Reuters and Bloomberg London and Lisbon

INVESTORS breathed a sigh of relief yesterday after Portugal prevented the collapse of one of its biggest banks, putting some life back into European stocks following last week’s slide and pushing bond yields lower across the board.

Lisbon announced on Sunday a e4.9 billion (R70bn) rescue of the country’s largest listed bank, Banco Espirito Santo, preventing its collapse and potential contagion across the continent’s banking sector.

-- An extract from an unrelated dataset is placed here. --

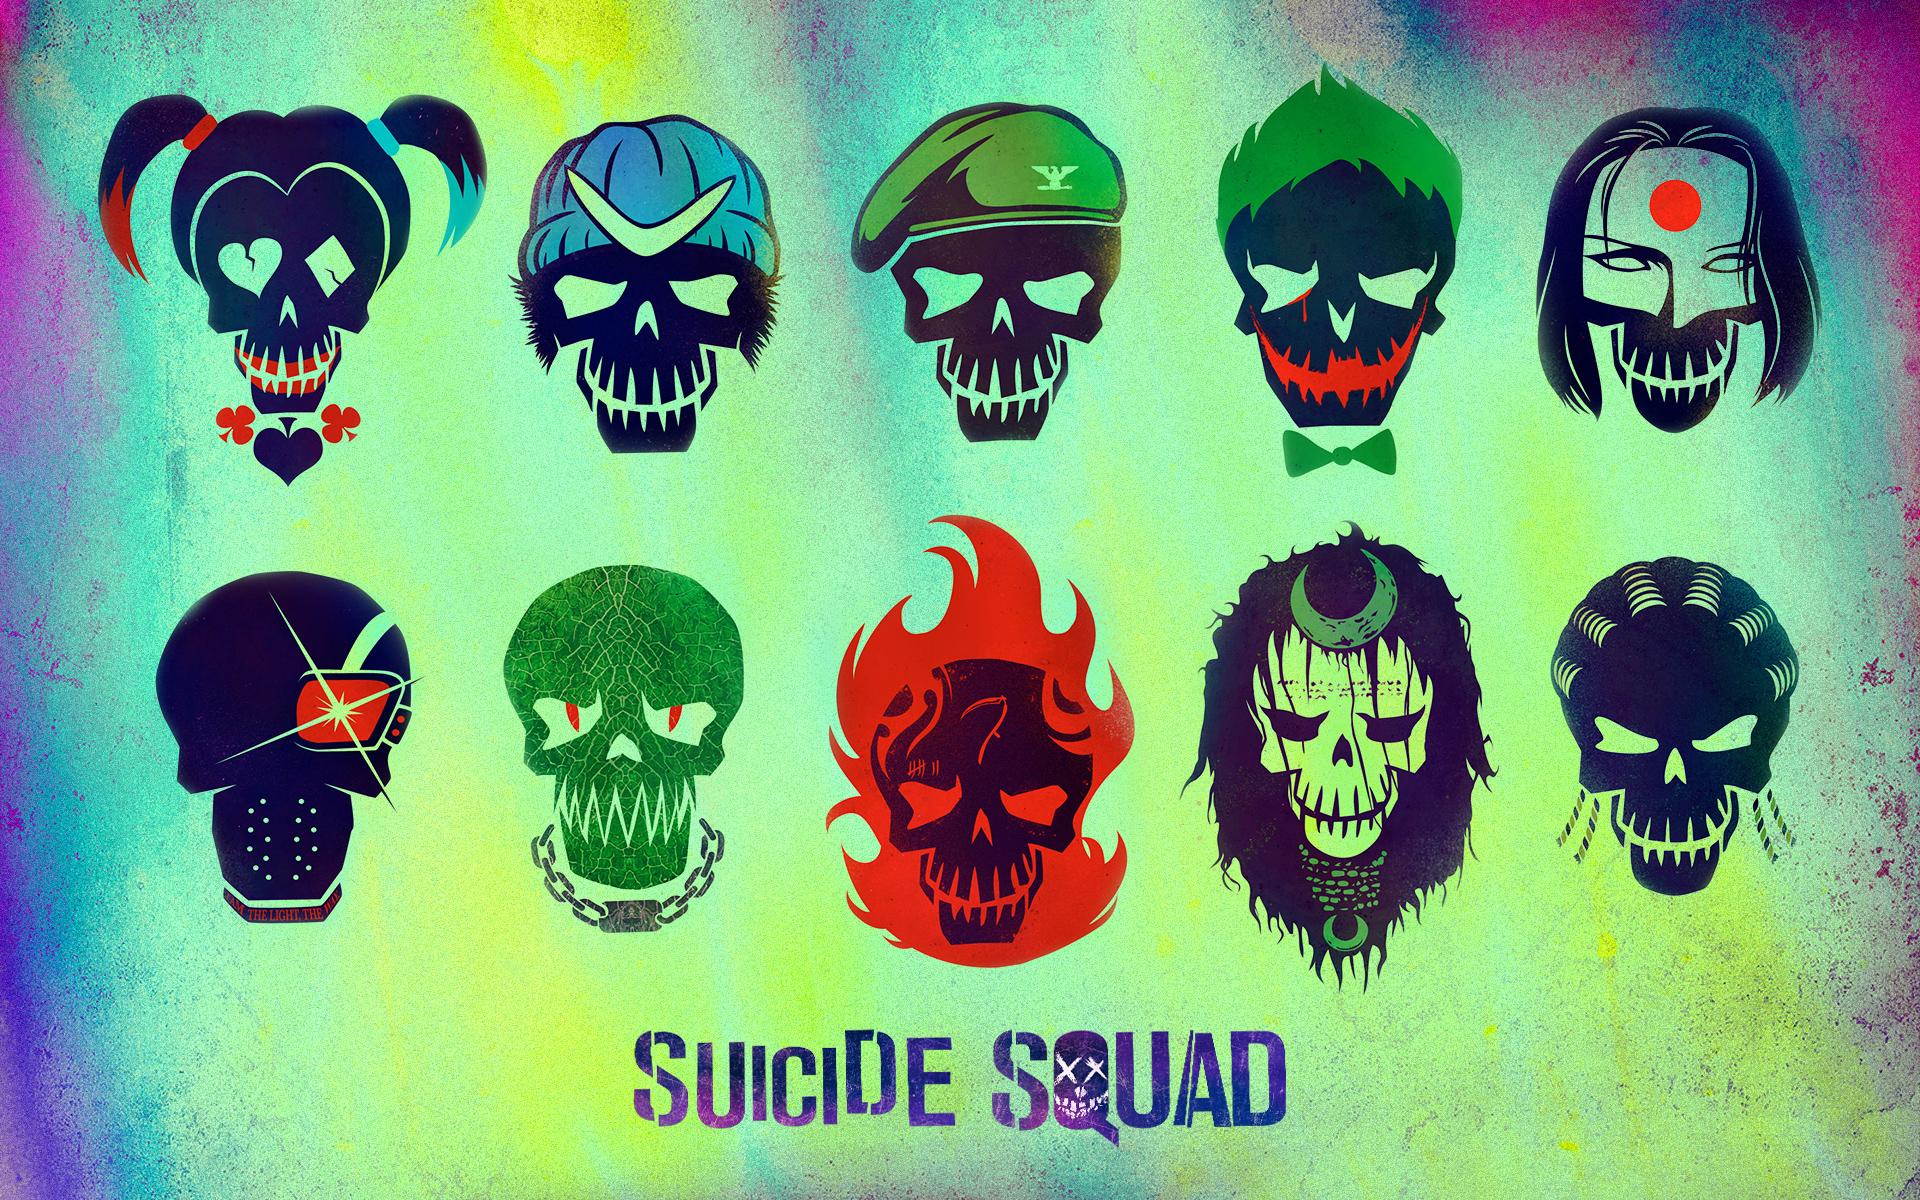 Suicide Squad wallpaper 7 1920x1200

“The market’s initial reaction is that it’s pretty reassuring to see Portugal moving quickly to rescue Banco Espirito Santo. Overall it eases systemic fears that resurfaced last week,” Saxo Bank sales trader Andrea Tueni said.

The Bank of Portugal’s resolution fund will move Banco Espirito Santo’s deposit-taking operations and most of its assets to a new company, Novo Banco, which it will own outright. The fund will finance the rescue with a Treasury loan to be repaid by Novo Banco’s eventual sale.

Subordinated debt plunged yesterday after the central bank said junior bondholders and shareholders would be left with the most “problematic” assets, including loans to other parts of the Espirito Santo Group and the lender’s stake in its Angolan operation.

Banco Espirito Santo, which tapped shareholders for funds less than two months ago, has been forced to take public money after regulators uncovered potential losses on loans to other companies tied to the Espirito Santo family.

Banco Espirito Santo is 20 percent owned by Espirito Santo Financial Group, part of a chain of companies linked to the bank’s founding family. The largest outside shareholders include France’s Credit Agricole (with a 14.6 percent stake) and Brazil’s Banco Bradesco (with a 3.9 percent holding).

Bank of Portugal governor Carlos Costa had sought to find private investors to inject cash, and had said government funds would be a last resort. The Portuguese government has about e6.4bn remaining from its EU-led bailout in 2011 to fund the injection.

“I was very surprised that they went down the route of a state bailout so quickly,” said Lutz Roehmeyer, a fund manager at Landesbank Berlin Investment. “That suggests that the bank’s situation was much worse than described.”

The Finance Ministry said: “Shareholders, subordinated debt holders, as well as board members or former board members directly involved in the more recent events, and not the taxpayers, will be called to shoulder the losses incurred by a banking business they failed to adequately oversee.”

The bank’s e750 million of 7.125 percent subordinated bonds had fallen 15.3c to 20.5c on the euro to yield 40.7 percent by 10.07am in Lisbon.

Portugal’s benchmark PSI 20 stock index had risen 0.3 percent by 10.01am in Lisbon, after declining in the previous four trading days.

Portugal’s 10-year government bond yield fell 8 basis points to 3.63 percent. Two-year yields fell to their lowest level since 1999.